■ **ACTION ITEM**: Only the lines of the listing below that run from the line with "Dolce & gabbana embellished black backpack" through the line with "Little girl holding" are to be set down, word for word. Pictures stay out.

■ **MATERIAL SHOWN**:
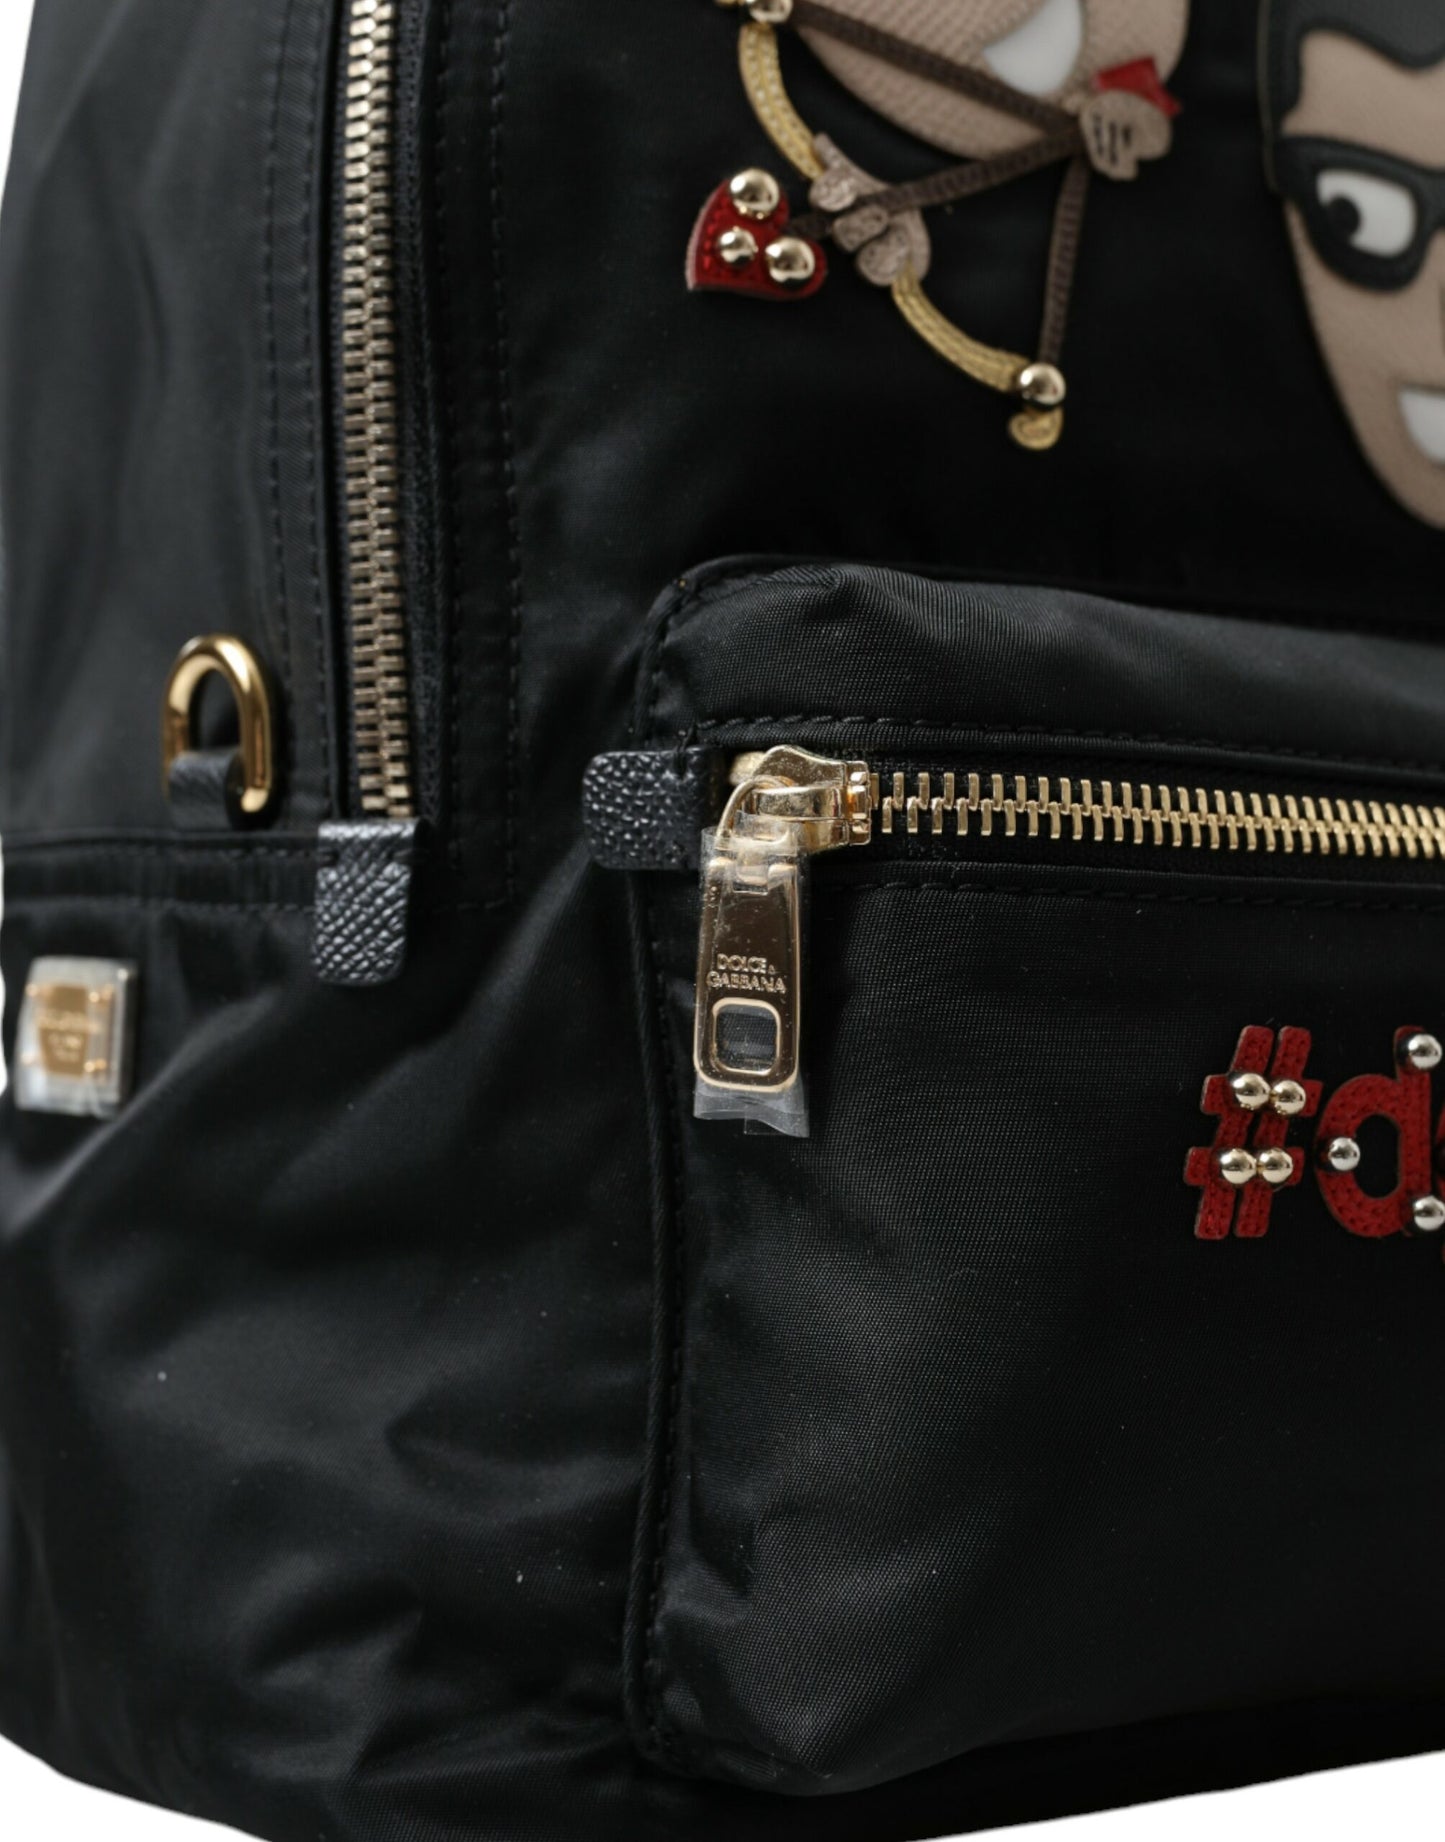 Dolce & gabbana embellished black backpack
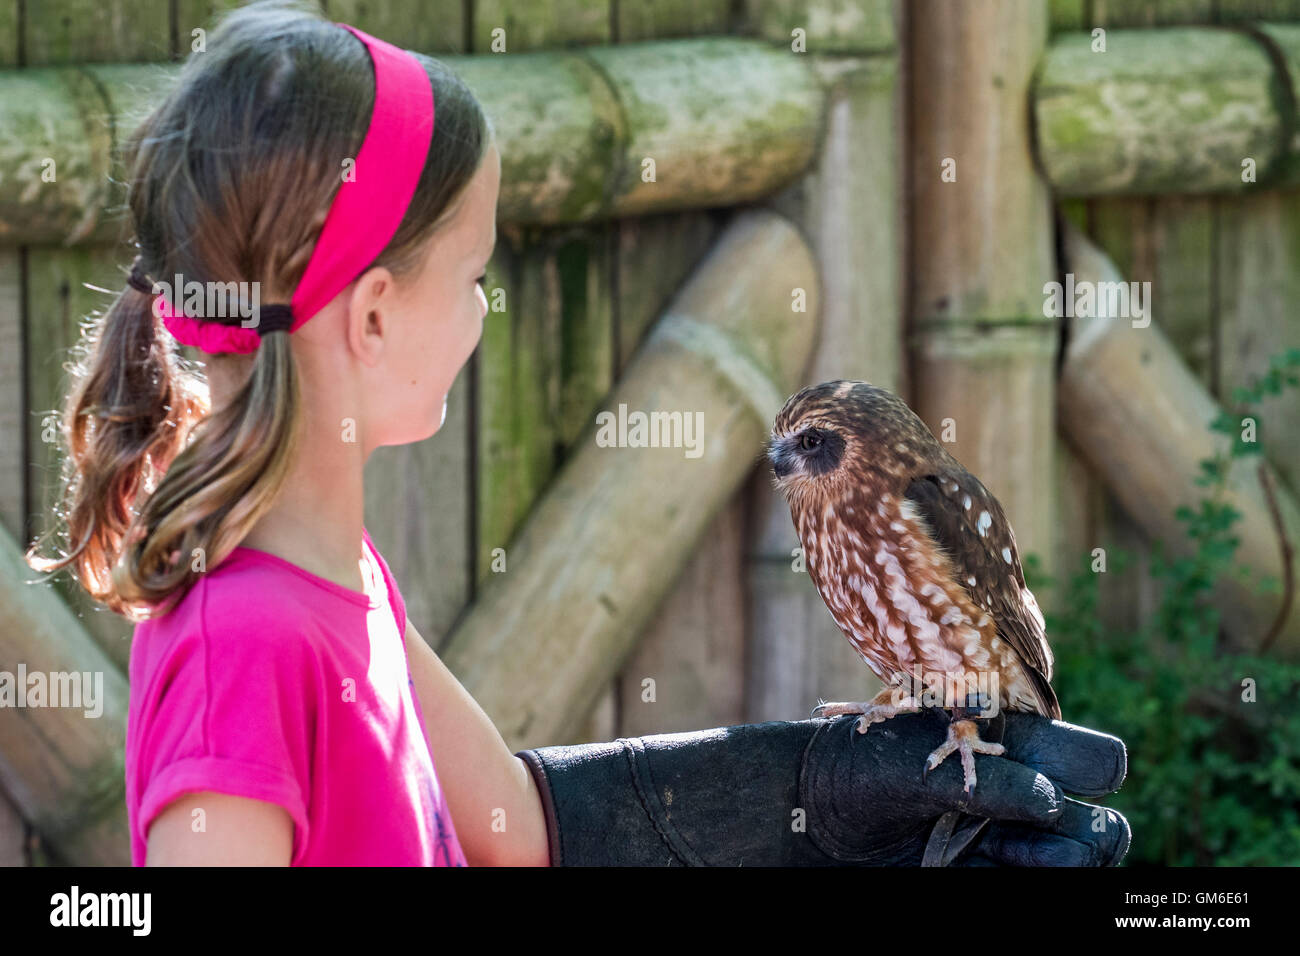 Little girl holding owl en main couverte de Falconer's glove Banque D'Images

--

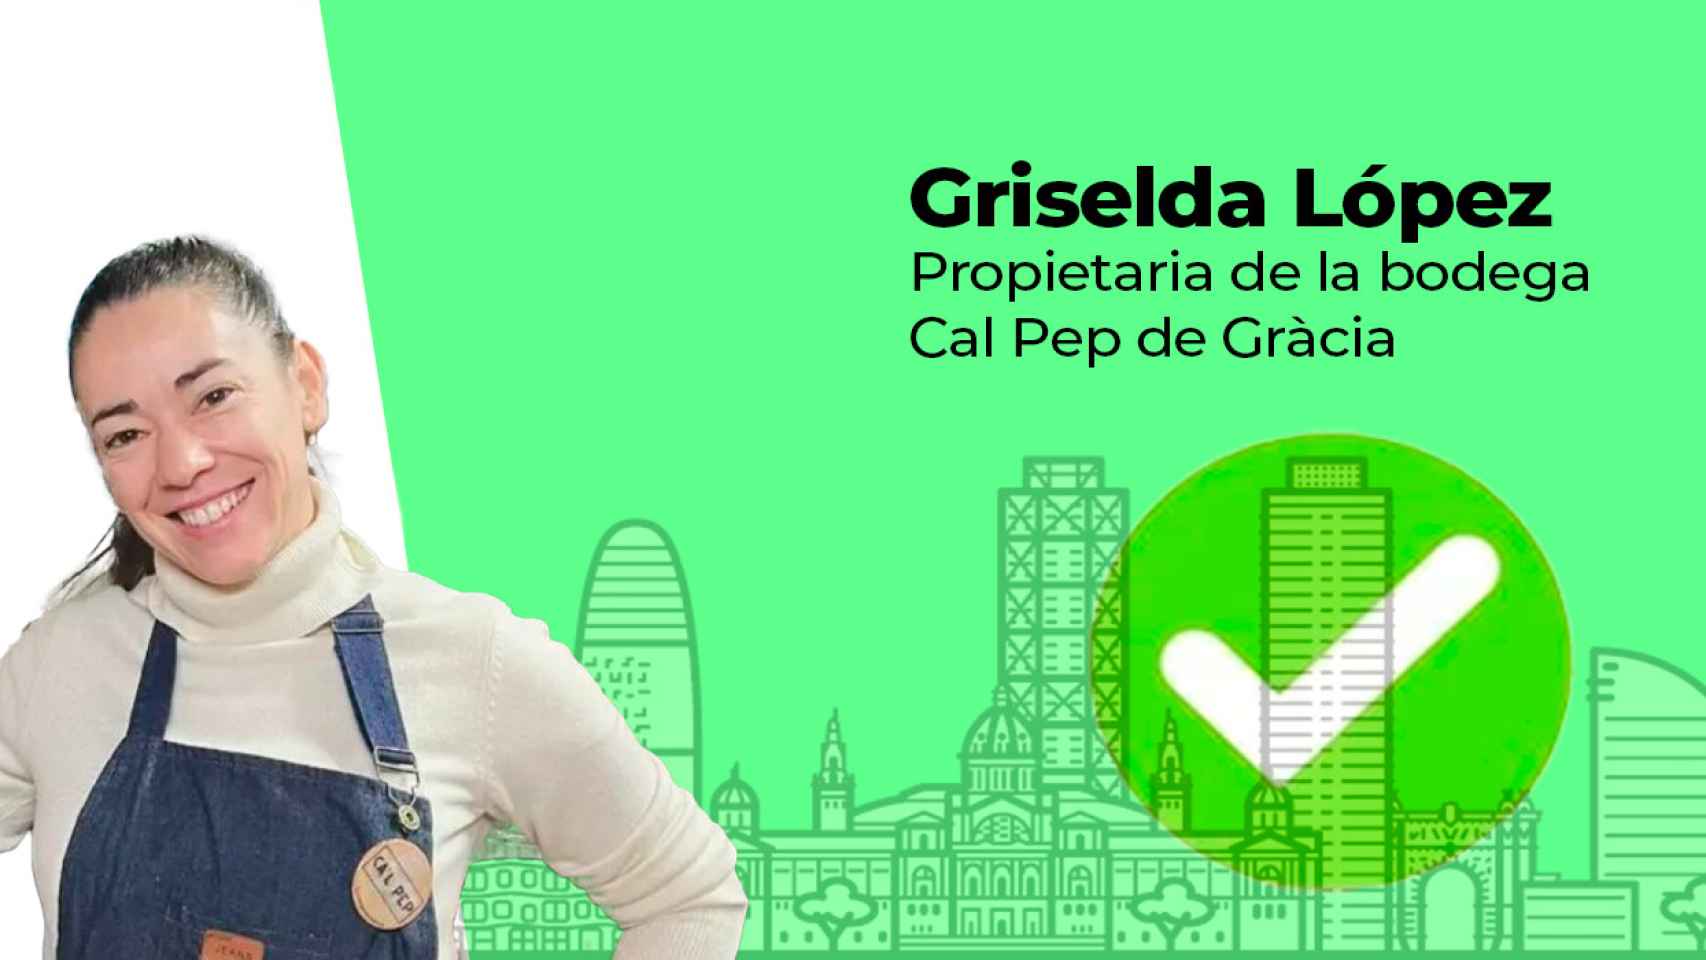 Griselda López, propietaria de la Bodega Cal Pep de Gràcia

■ **SOLUTION TO THE PROBLEM**:
 Dolce & gabbana embellished black backpack
 Little girl holding owl en main couverte de Falconer's glove Banque D'Images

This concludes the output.